When I got to my targeted area I saw my friend Fred with his family and friends. They were having a blast and almost had their limit. The little gut in this picture went back.










They were making fun of my setup. I tied up to the rig and dropped down a pair of trout belly baits. They got ripped off almost at once. Put down again and came up with a 6 to 8 pounder. I put it in the live well and decided to try some live mullet I had. They also got violently ripped off as soon I hit the bottom. I then decided to put on a fresh chunk of tuna. The skin stays on and after they get the taste of tuna they go back for it all. I hit the bottom and when I got a tug I reeled a bit. Did not hook it. Dropped back and another hit. This time the rod tip almost hit the water. I was thinking a grouper. I kept the rod in the holder. Why should I hurt myself. This was a heavy fish. It was not an amberjack because it did not try to get back to the rig. Had that been the case I was prepared to let the rig line free and back away from the rig. Being alone makes things a bit more challenging. I'm up for that.

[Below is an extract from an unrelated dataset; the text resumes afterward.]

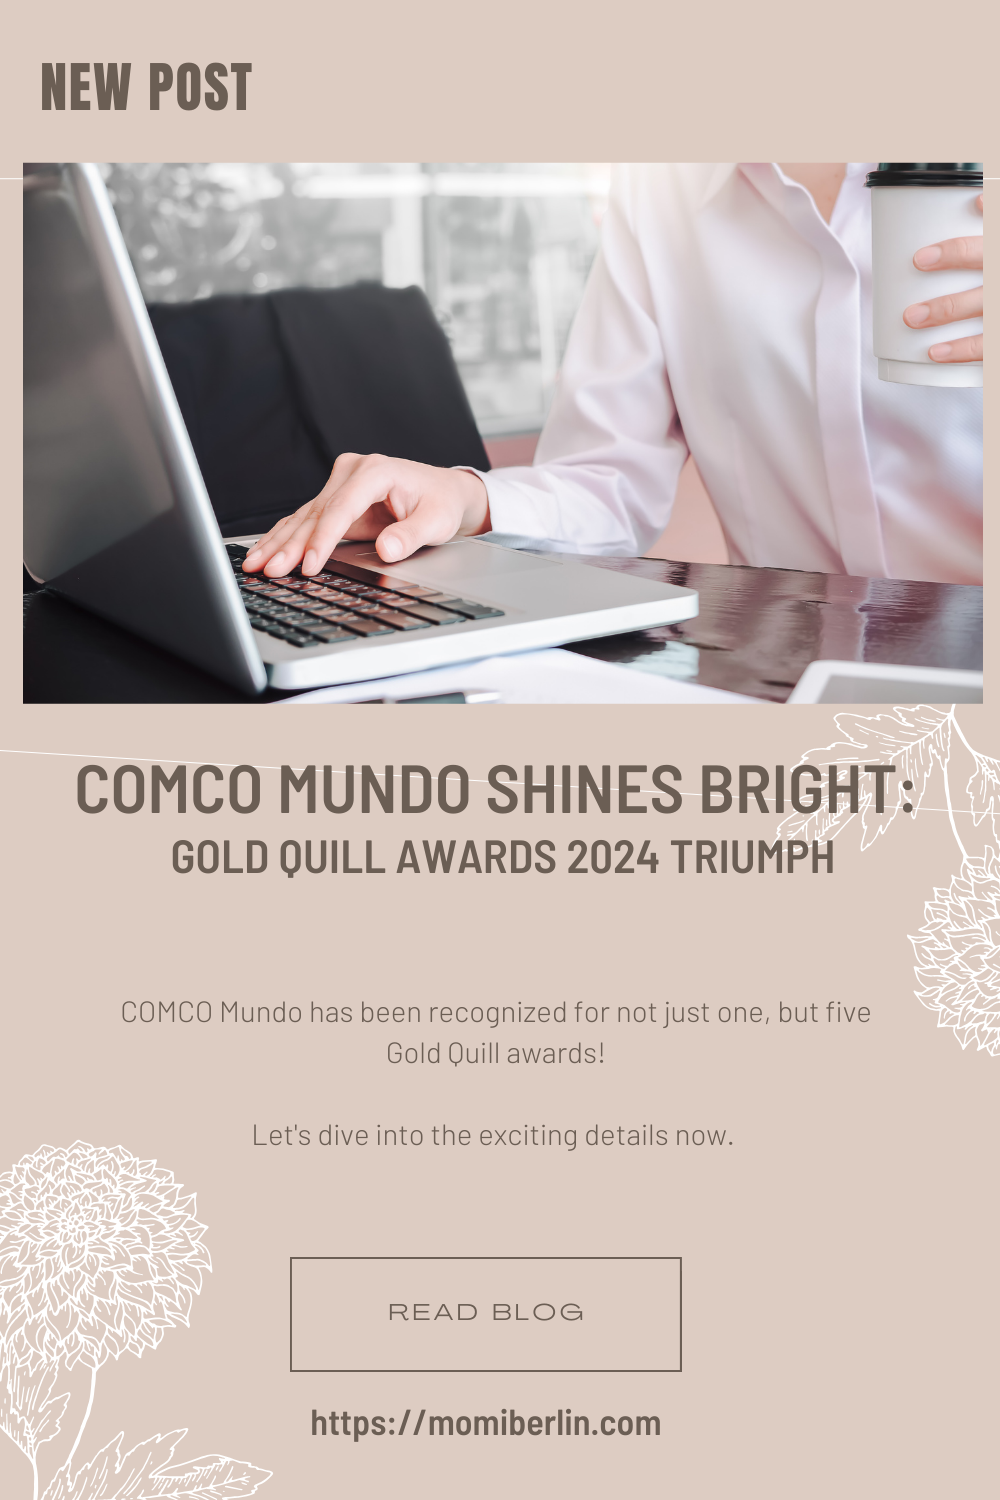 COMCO Mundo Shines Bright: Gold Quill Awards 2024 Triumph

Once to the top the expression on the boat next to me was beautiful as were these twin 29 inch red snapper. I released the one in my live well and was instantly done with them. My amberjack rigs I thought were on the boat were no where to be found so I headed in for some redfish action. 

On the way in I saw some surface action and made a few casts. One bull red was enough for me to continue on. I went into a nearby bay and noticed the lack of fish in the usual areas. Looks like they are moving into the fall pattern. I left that area all together and made a long run. Just me, no customers to produce for, so my time to learn. I saw one guy fishing with his kids. He said he got a few but it was slow. I continued to the place I wanted to check. It was almost dead low and a lot of water was out. Not good fishing conditions in these back waters. The catfish and sting rays were around to accept my offerings.

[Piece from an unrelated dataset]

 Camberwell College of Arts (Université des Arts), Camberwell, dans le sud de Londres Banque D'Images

I liked what I saw. The water is cleaning up and the fish are moving into the places they should be. My first redfish was a beautiful 26 incher. I thought it was a lot bigger the way it fought but it made the slot. 










I bounced from place to place on both sides of the river. I managed a limit of redfish but there were a lot of small fish and trash fish. What I saw was promising for a good fall season. A storm developed nearby late in the afternoon so I had to run in. the winds were quite strong but I only got a very small amount of hard hitting water before I was able to get out of it.










As I was fueling up in Empire we had a visitor come by looking for hand outs. It is only about 4 1/2 feet long so not on the wanted list at this point. I told them they should not feed the alligators.










It was a very productive and informative day on the water. Looking forward to a good fall season. Ended with a bountiful basket of fish. 1 sheepshead, 2 red snapper, 5 redfish, and 2 flounder.










Life is Good!
Fishing is not a matter of life or death. It's more important than that.

CAPT HOOP -- OUR FREEDOM


----------



## 2bbchinit (Aug 27, 2009)

Nice basket there!!


----------



## cobe killer (Apr 13, 2008)

awesome report!!!!


----------